Online Book Reader

Home Category

Caprice and Rondo - Dorothy Dunnett [306]

By Root 2307 0
Marguerite van Borselen was waiting, in her bedrobe, to bring them out of the fog and into the warmth of her chamber. There was steaming wine ready to pour.

‘The young woman is safe, and being looked after. So sad! She seems very wild in her talk, but most persuasive: Louis says she is quite insane, and I am not to go near her, nor should you. And I should think not; look at you; this is what she has done to you both? And Nicholas? You are safely back?’

‘I am safely back,’ he said. ‘But would not have remained so, except for Gelis.
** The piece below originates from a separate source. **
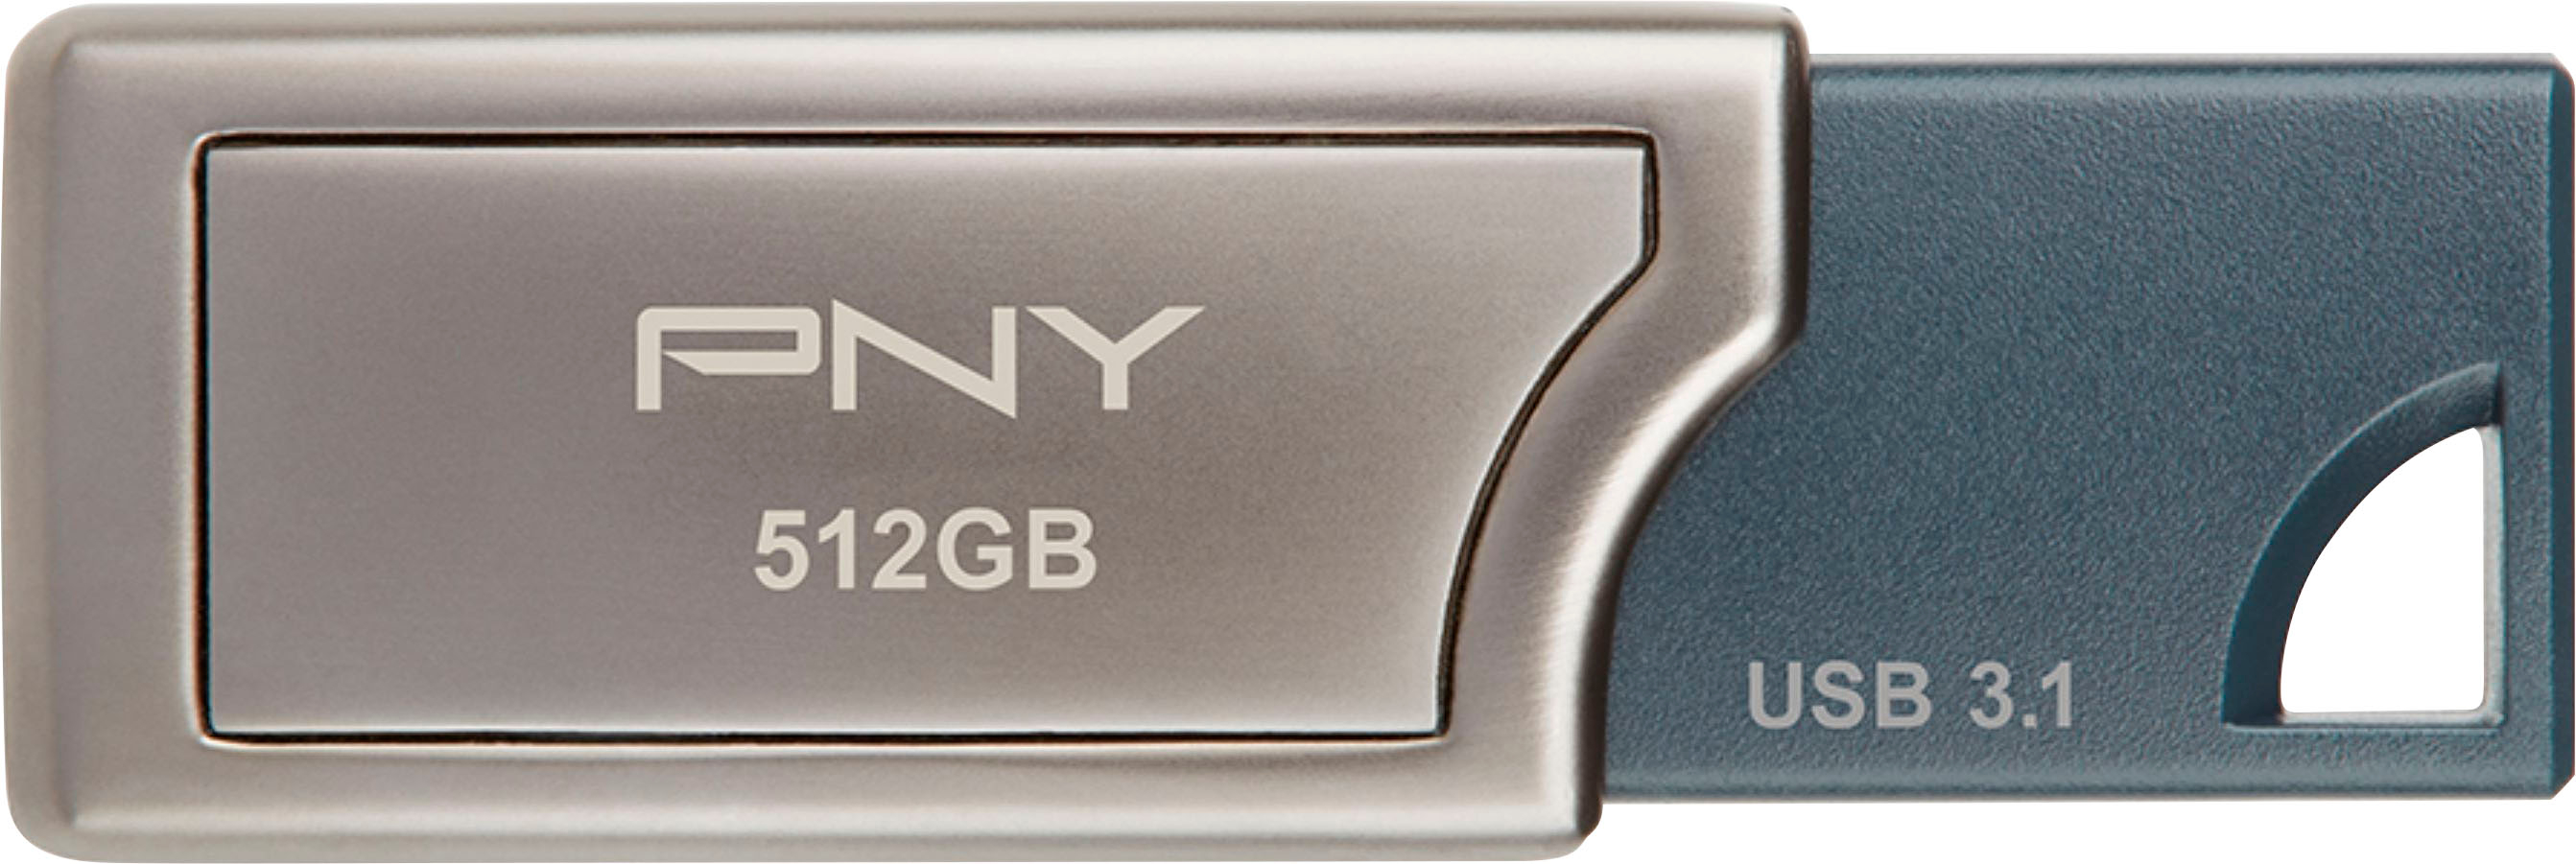 PNY - 512GB PRO Elite USB 3.1 Flash Drive - 400MB/s

You have a very … combative cousin.’

‘So was her sister,’ said the lady of Gruuthuse. ‘I always said, they needed a man to keep them in order. It does not do to cling together like shellfish; but nor does it do to stay apart for too long.’

‘I must remember,’ said Nicholas. Gelis looked at him, but he was gazing down at the cup in his hand. Under the blanket he had been given, he had stopped shivering, and the better light, while revealing the contusions, also showed her, for the first time in three years, the face she knew so well, and the changes in it. Then he looked up and smiled, and she felt the colour rise in her cheeks and her throat.
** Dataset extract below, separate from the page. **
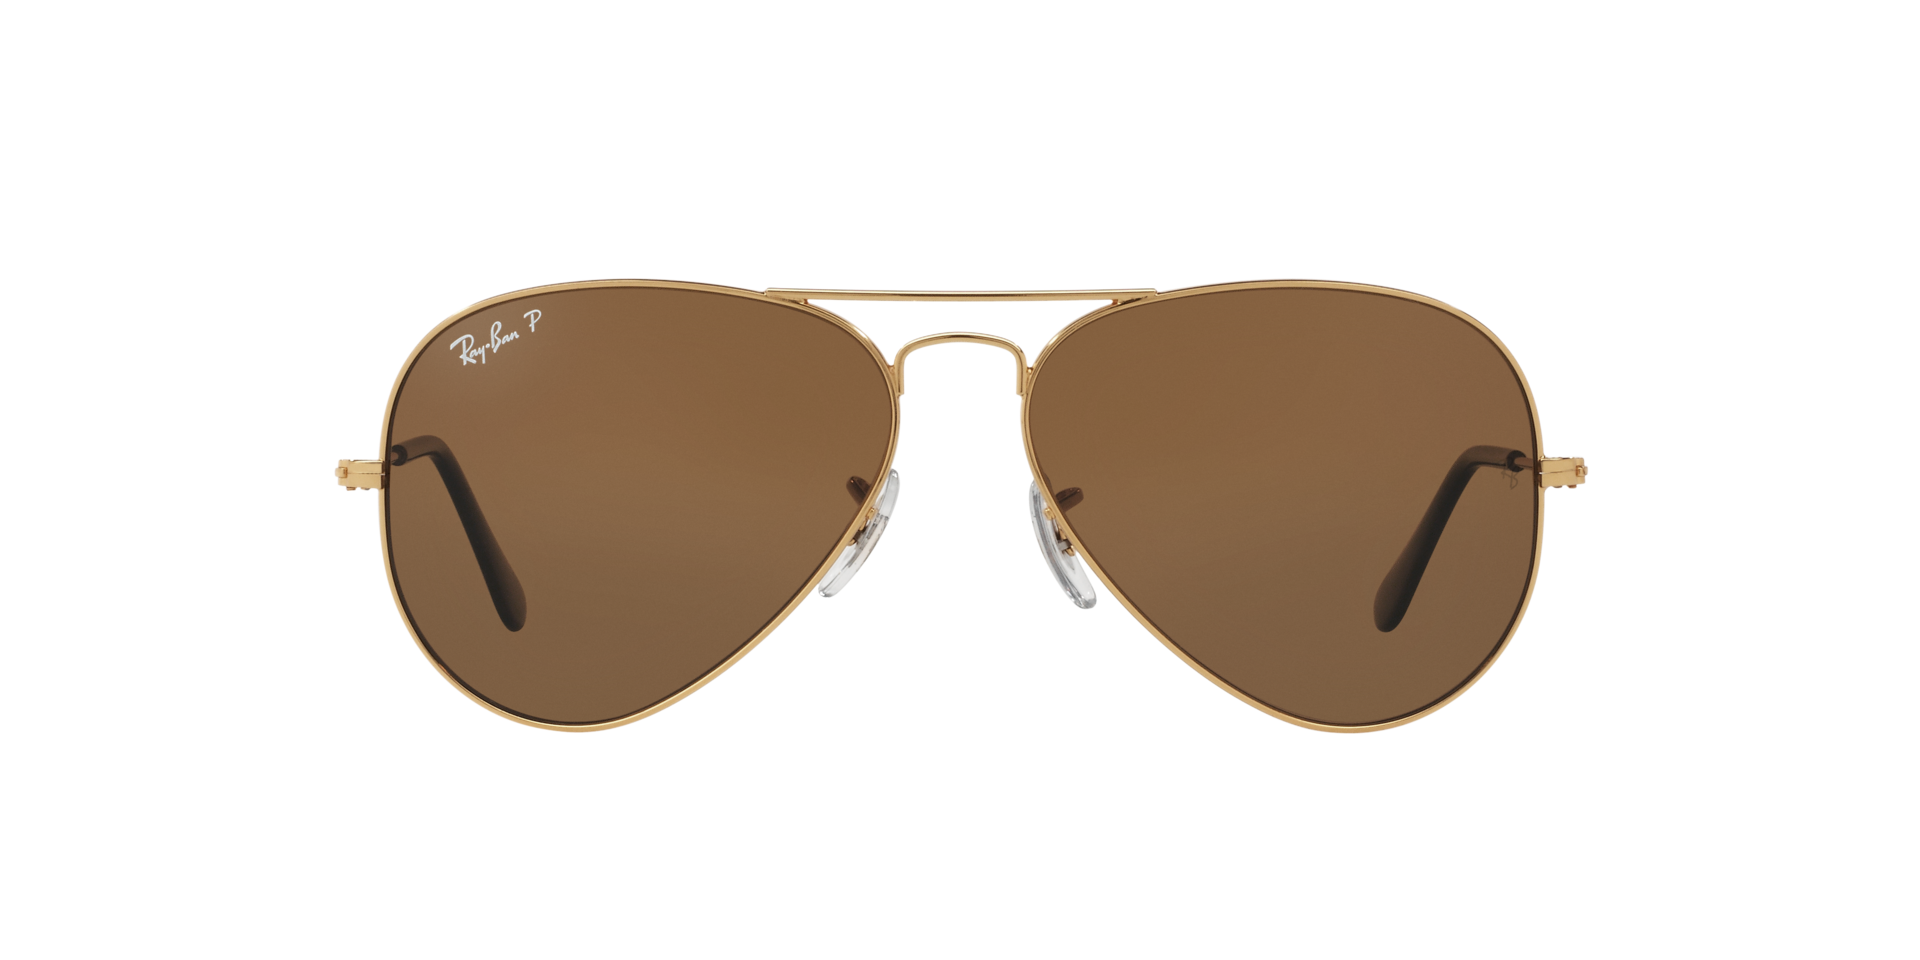 Polarized Large Retro Style Sunglasses Men & Women - EyeNeeds

Nicholas cleared his own throat. He looked at Wodman and said, ‘You say that the Gräfin’s husband is coming?’

‘Father Moriz will bring Julius tomorrow. Today,’ Wodman corrected himself, looking at the dark windows. ‘He will have been told what has happened. But of course, he will have to see for himself. As for our original anxiety, Buchan has gone, taking de Salmeton with him, and will presumably stay in the Tyrol until spring. All the threatened danger has gone. You and your family are safe.’

Nicholas said, ‘I am glad you came when you did.’ His eyes kept returning to Gelis, who was still flushing. He had forgotten what fine skin she had.

Her cousin Marguerite said, ‘And now you are both going back to the palace? Come: I shall find you better clothes. You must be longing, Nicholas, to see your son again.’

‘He will be asleep,’ Gelis said. She glanced at Nicholas, and away.

‘Then perhaps you would rather stay here? We have rooms enough!’ She was being both tactful and kind. Before they were married, Gelis had admitted him to her room at the Hôtel Gruuthuse in Bruges. He rather thought Marguerite knew it. Marguerite said, ‘Consider it while I bring you something comfortable to wear. Meester Wodman will help me.’

She disappeared with the Conservator, who appeared familiar with the house. Gelis said, ‘He is staying here. I don’t know if I want to be so close to Anna again.’ She was sitting, her eyes on the fire.

Nicholas said, ‘My luggage is at the Sersanders’ house. Kathi gave me the key.’

‘Who else is there?’ Gelis said. She was looking at him again.

‘No one. That is, there is a housekeeper who lives there. She will make whatever arrangements are wanted.’

‘That sounds very suitable,’ Gelis said. When told, Marguerite seemed to think so as well; Wodman grunted. It was not pleasant, issuing again into the cold, but the journey was short, and their escort delivered them to Anselm Adorne’s house in good order. Nicholas had a key. He opened the door, and she entered a modest tiled hall, warmed by a stove, with three doors leading off, and a narrow staircase which rose to a second floor and then stopped. There was no sign of life.

Nicholas said, ‘The housekeeper’s room is beyond that door. There are two sleeping chambers upstairs. I put my coffers in one.’

‘You thought you were going to face David de Salmeton’s men,’ Gelis said. ‘You must have wondered whether you would come back here alive.’

Nicholas sat on the stairs. ‘Not with my infallible plan. If they weren’t misled by Clémence, they would try to take you. But I would be guarding your wagon, with Wodman somewhere close at hand to track me, and bring the militia.’

‘But he got lost in the fog. And they captured you, as well as me. And it wasn’t David, it was Anna.’ Gelis leaned on the ornamental stair-post and looked down at him. She rested her chin on her arm. ‘I thought you were clever.’